🤖 AI Summary
This work addresses the challenge in differentially private k-means clustering in Euclidean space, where directly aggregating private data leads to sensitivity that scales linearly with the data domain size. To overcome this limitation, the paper introduces, for the first time, the Private Evolution (PE) framework into k-means clustering. By constructing a private histogram with constant sensitivity to guide the clustering evolution and designing task-specific evolutionary operators tailored for clustering, the method effectively circumvents high-sensitivity data aggregation.
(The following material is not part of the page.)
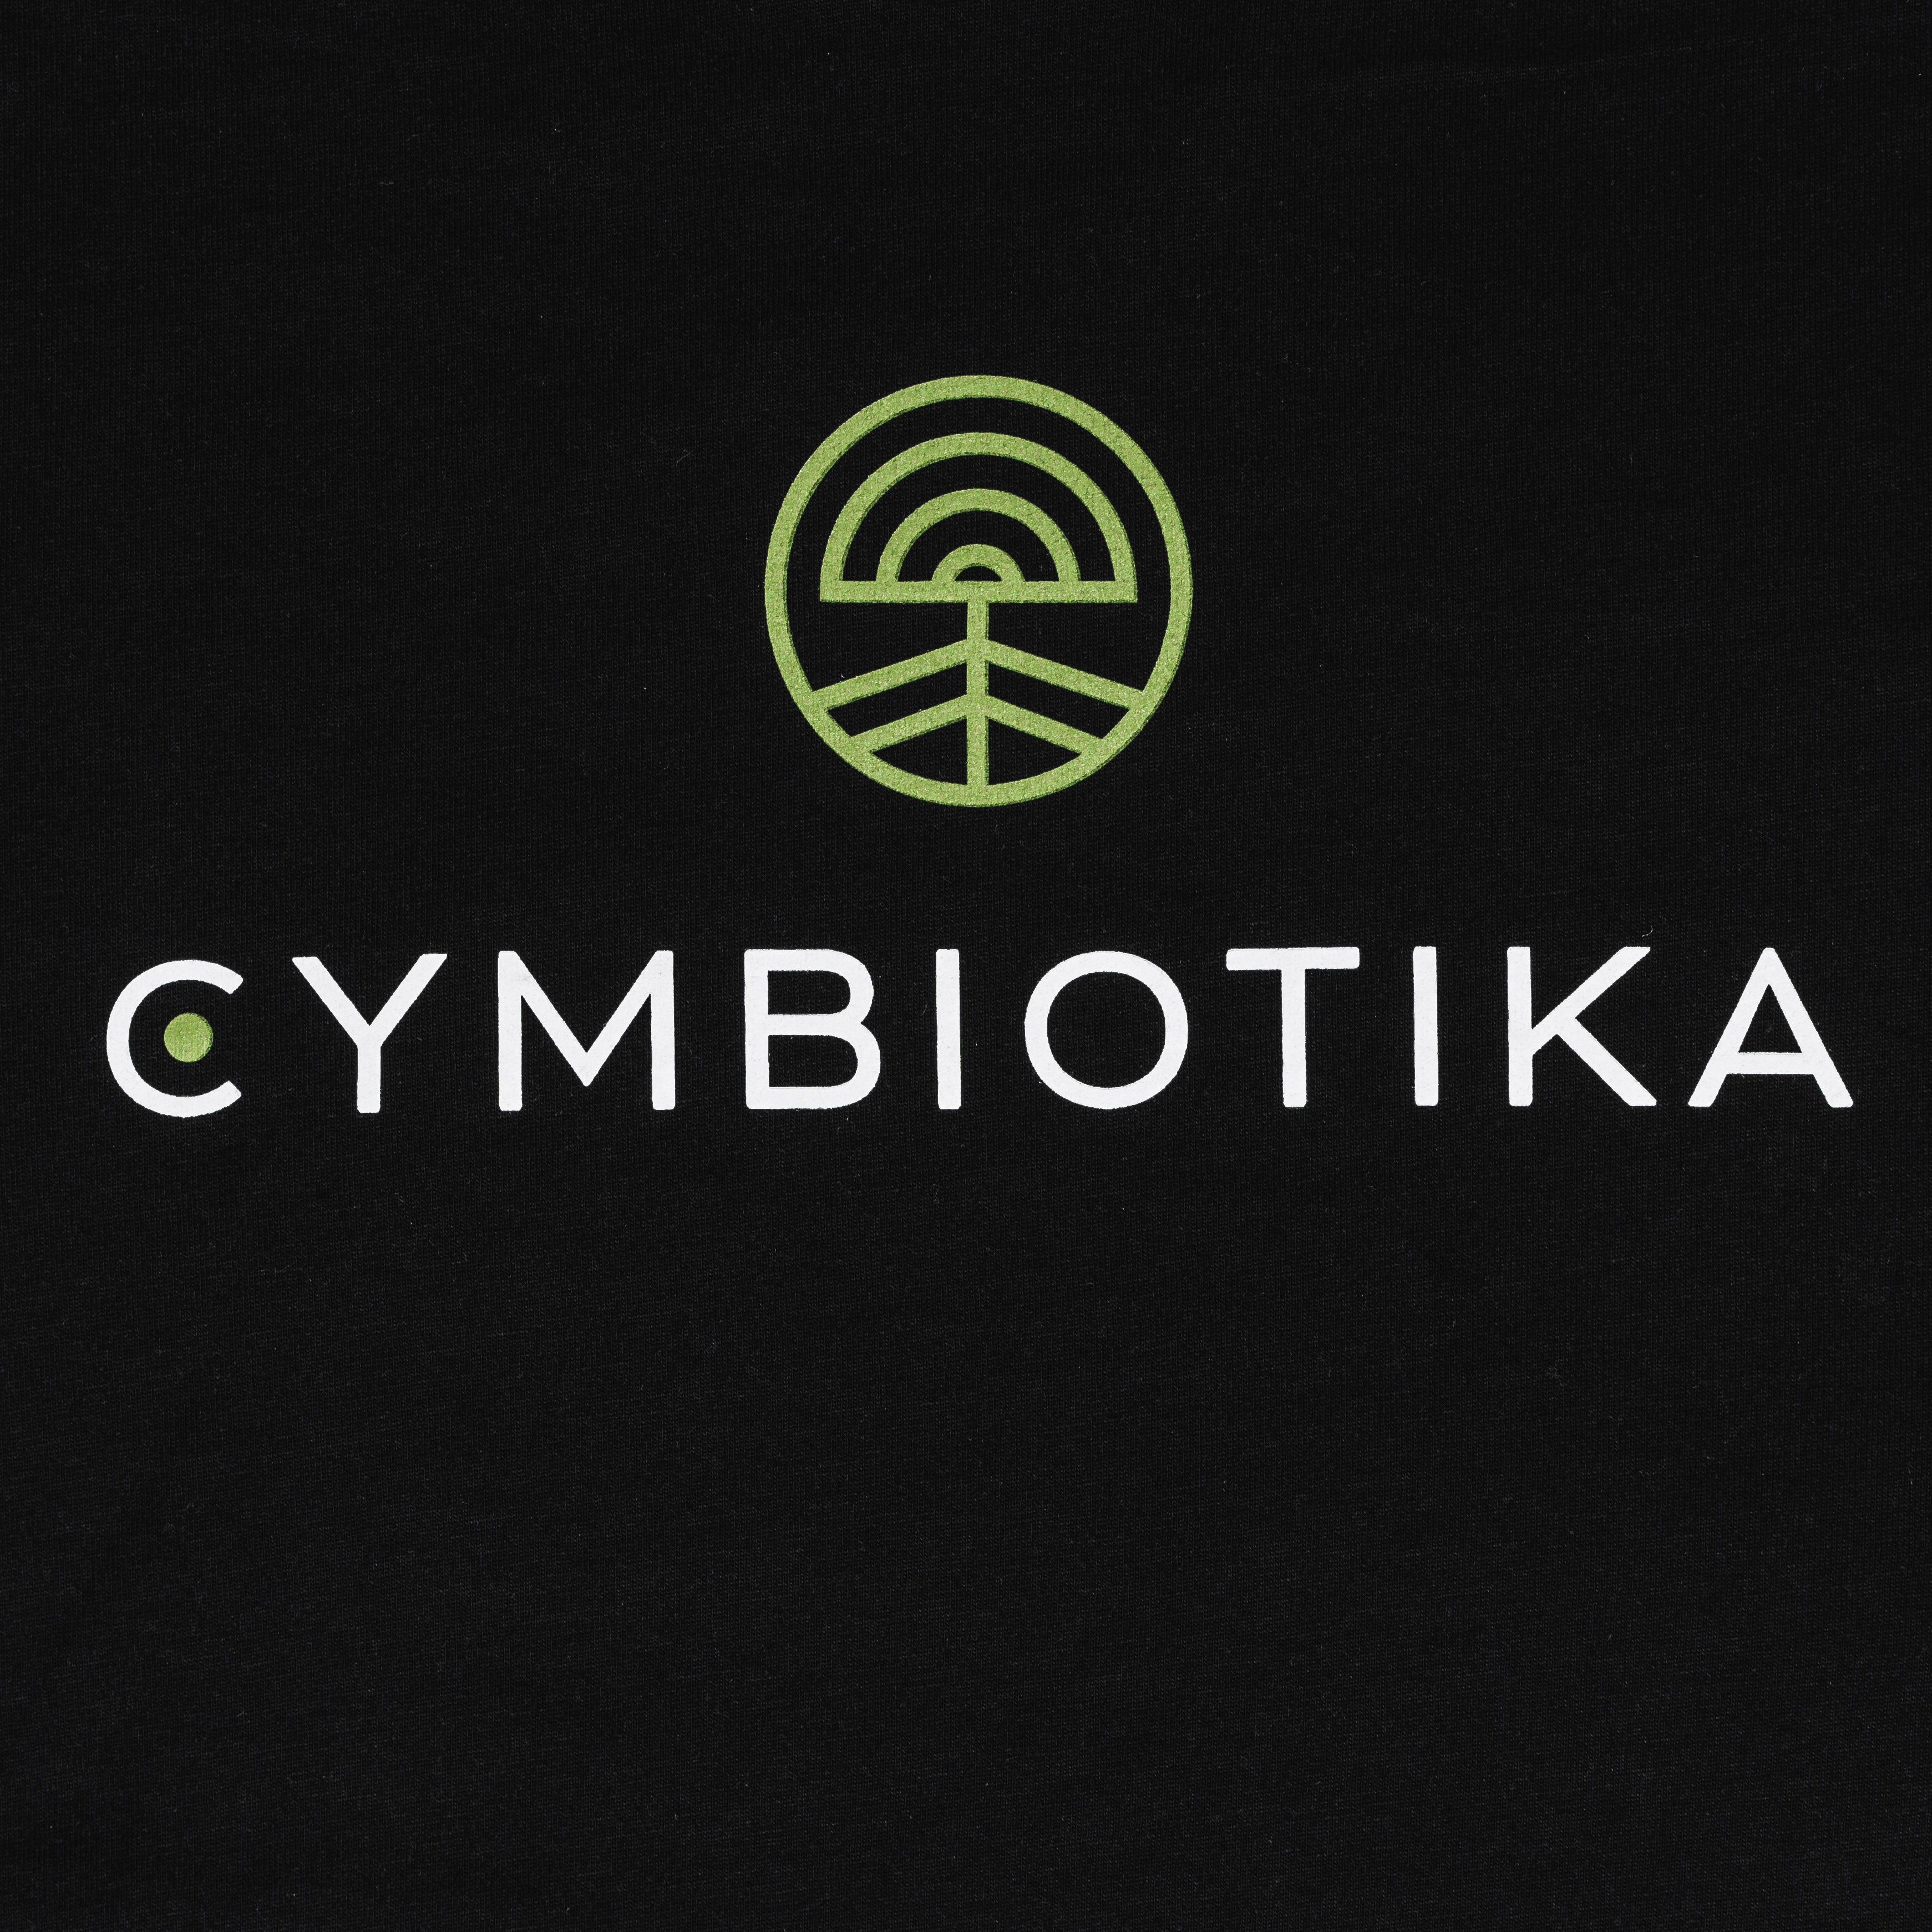 Cymbiotika Premium Branded T-Shirt Black Zoomed In

Under rigorous differential privacy guarantees, the proposed approach significantly improves clustering quality, achieving an average 20% reduction in clustering loss compared to the current state-of-the-art baseline methods.
📝 Abstract
We study the problem of differentially private (DP) $k$-means clustering in Euclidean space. Previous solutions rely on summing the private data directly, which induces a sensitivity proportional to the domain. We introduce PE-means, an extension of the private evolution (PE) algorithm (an increasingly popular method for synthetic data generation), to the problem of $k$-means clustering. The key advantage of PE is that it only computes a private histogram with constant sensitivity to guide the evolution. Our adaptation of PE includes new evolutionary operators for clustering, as well as other algorithmic improvements of independent interest. Overall, PE-means achieves an average improvement of 20% in clustering loss over state-of-the-art baselines.